# 改贴通知: 非 UTF-8 编码的帖子请尽快修改

## EricHsu

- Eric.20050106

大家都会用 utf8 发帖了, 把该贴由原来的 announcement 改回 normal 帖子  :Smile: 

- Eric.20041214

吸取建议, 先改 "删贴" 为 "改贴", 各位 "乱码" 贴的 "始作俑者" 尽快站出来把自己的帖子改好吧, 有纪念价值, 呵呵  :Very Happy: 

为了版容, 有朋友已经提出这一建议, 征求一下大家意见, 如果这些贴的原发贴人不反对, 我明天上来就开始清理.

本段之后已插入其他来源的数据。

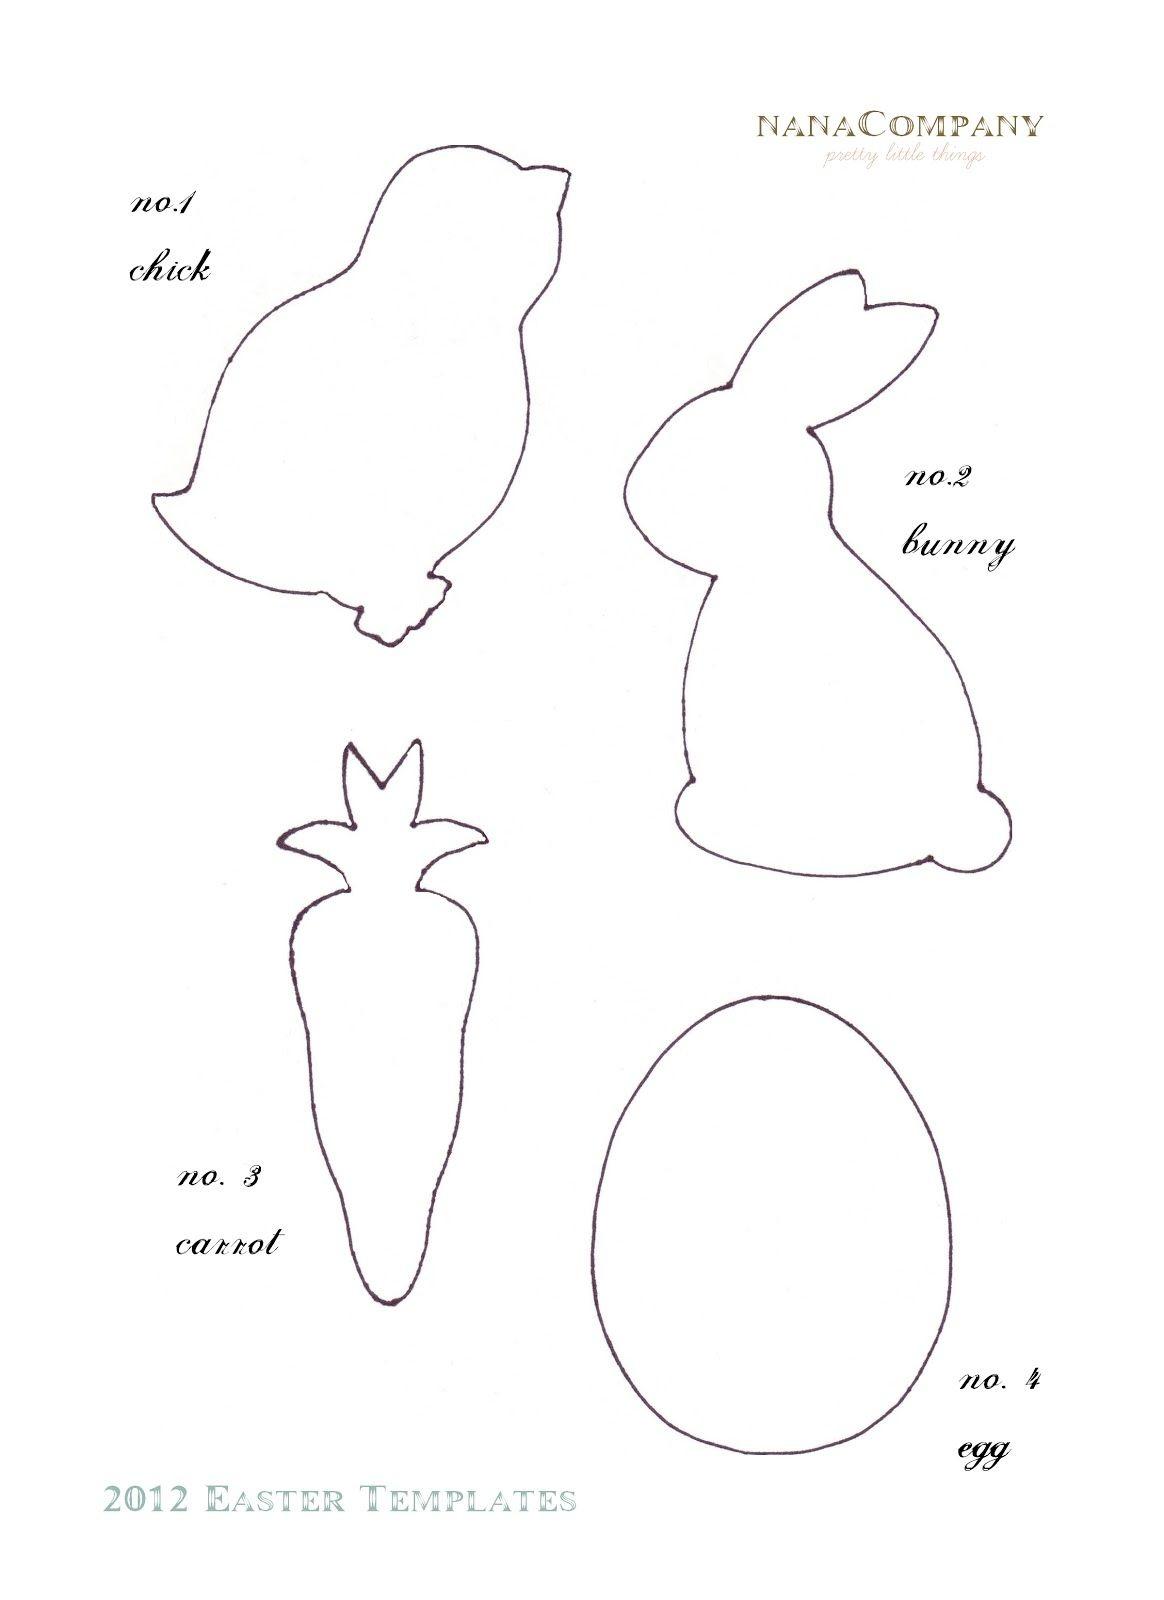 Felt Easter Patterns Free | Free+Printable+Easter+Template+For+ - Free Printable Easter Bunting
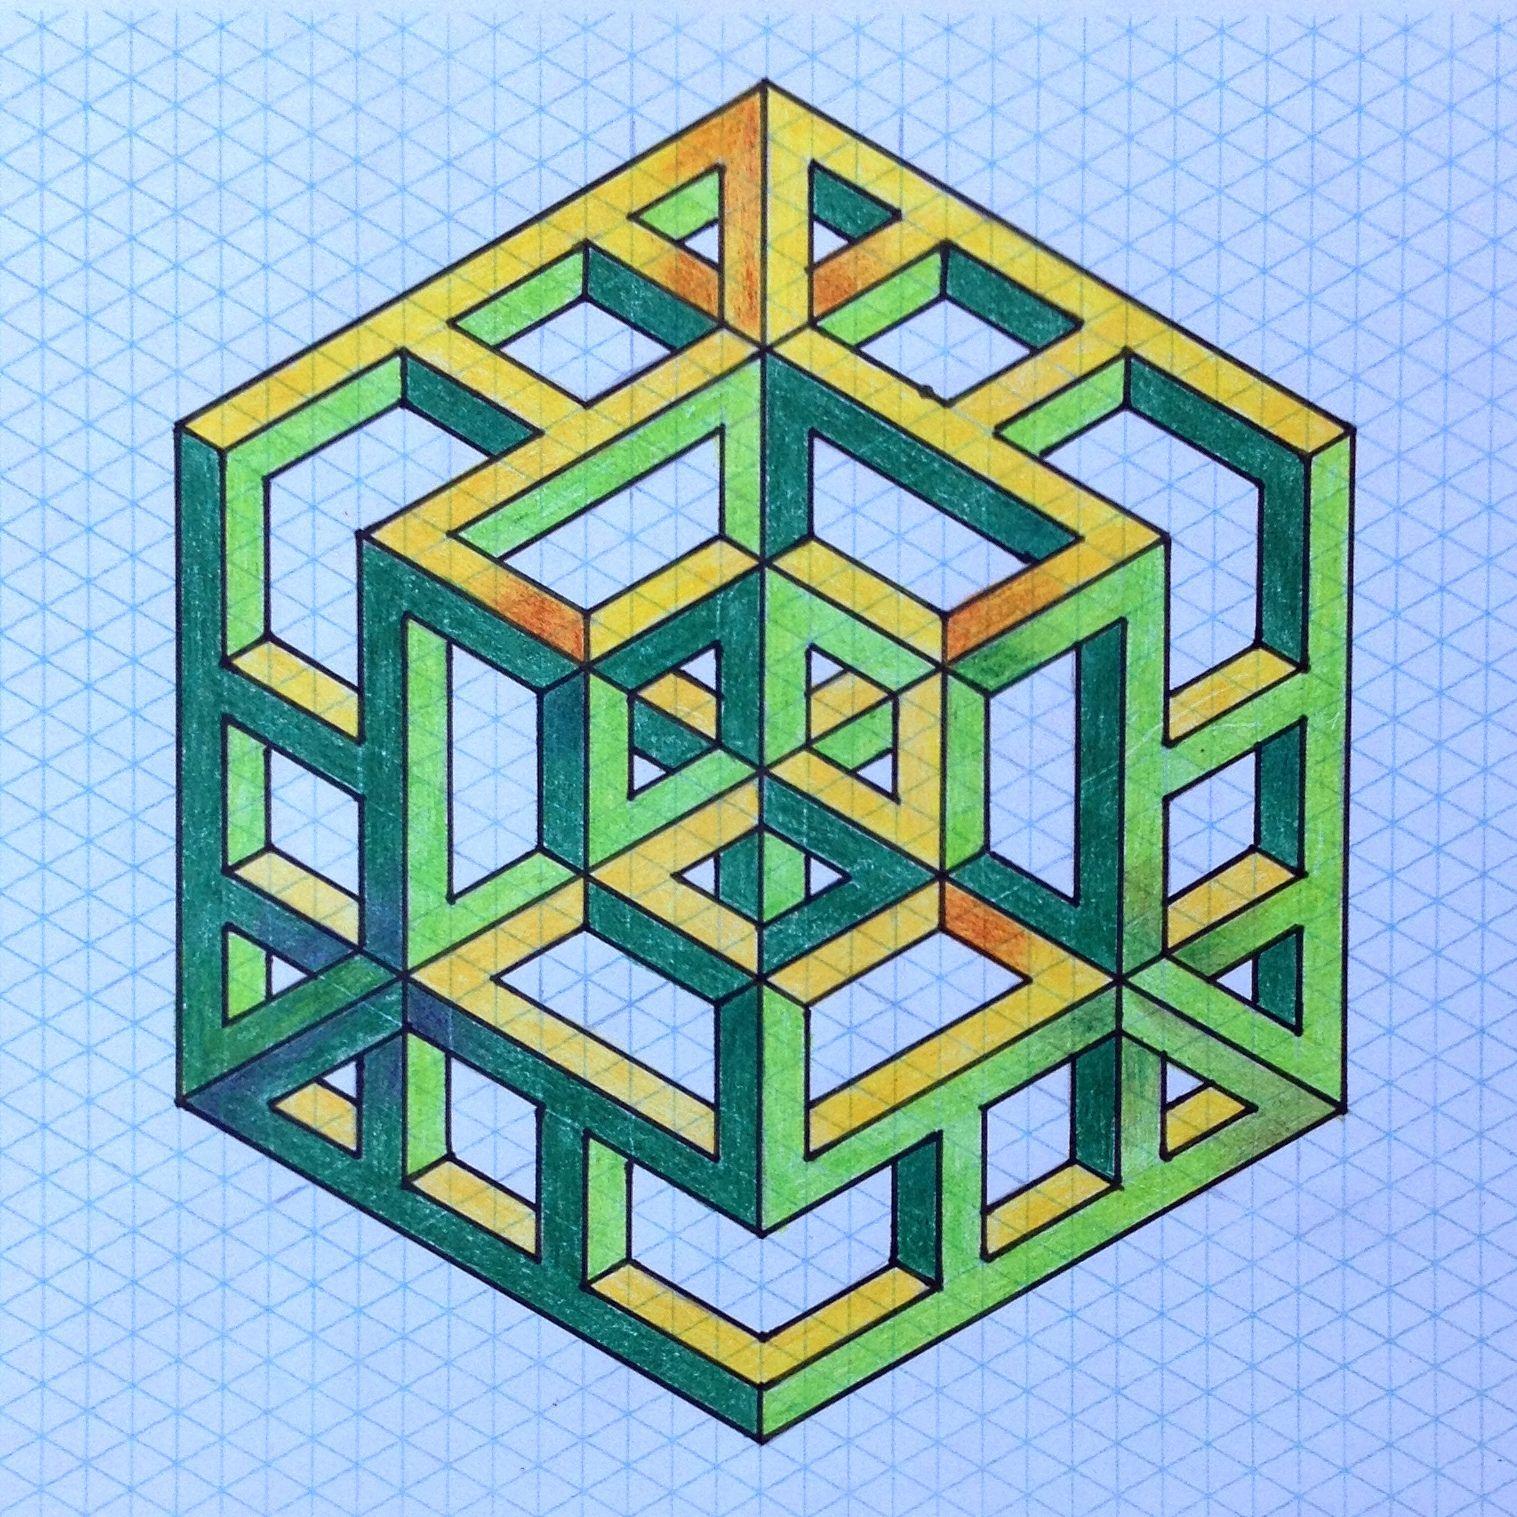 Regolo54 Impossible Isometric Penrosetriangle

给大家一天时间, 如果你想保留自己的帖子, 请利用这段时间编辑它并在浏览器是 UTF-8 编码的情况下提交, 这样就不会乱码了. 具体编辑方法我想了一下, 应该可以这样:

1. 把浏览器编码设置成看你原贴不会乱码的编码 (如 GBK)

2. 将你的帖子的内容拷贝

3. 将浏览器的编码设成 UTF-8, 然后 "编辑" 帖子

4. 将文本框里这时 UTF-8 下看起来乱码的内容, 替换成你之前拷贝出来的内容

5. 预览 (注意浏览器编码是否仍为 UTF-8, 且内容显示正常)

6. 提交

明天清理帖子时我就以 UTF-8 下是否乱码为依据决定是否清理某个帖子, 大家有意见的或者开始动手改或者现在回贴提  :Very Happy: 

----------

## wangxiaohu

 *EricHsu wrote:*   

> 
> 
> 为了版容, 有朋友已经提出这一建议, 征求一下大家意见, 如果这些贴的原发贴人不反对, 我明天上来就开始清理.
> 
> 给大家一天时间, 如果你想保留自己的帖子, 请利用这段时间编辑它并在浏览器是 UTF-8 编码的情况下提交, 这样就不会乱码了. 具体编辑方法我想了一下, 应该可以这样:
> ...

 

EricHsu上任以来很认真，是本版的福气，希望大人能够持之以恒。

----------

## akar

Eric， 還有各位朋友，

 :Smile:   各位早！

我這邊有個提議：

 :Idea:  就是把 “非 UTF-8 编码的帖子明天将被 删贴”，

改成幫他們 “修改成 UTF-8的正確編碼”。 （删贴－＞改贴）

因為，我想我的第一貼，也是 亂碼。

（今天早上坐車子上班想到的。）

1。 當時不知道 Browser正用非UTF-8顯示中文。

2。 當時論譠只有英文介面，沒有己亂碼的警示作用。

我想這混亂的情況還是會延續到開譠的 初期！  :Sad: 

 :Cool:   但我相信情況會越來越好，因為大家的每一個貼就是一個個最佳的引導！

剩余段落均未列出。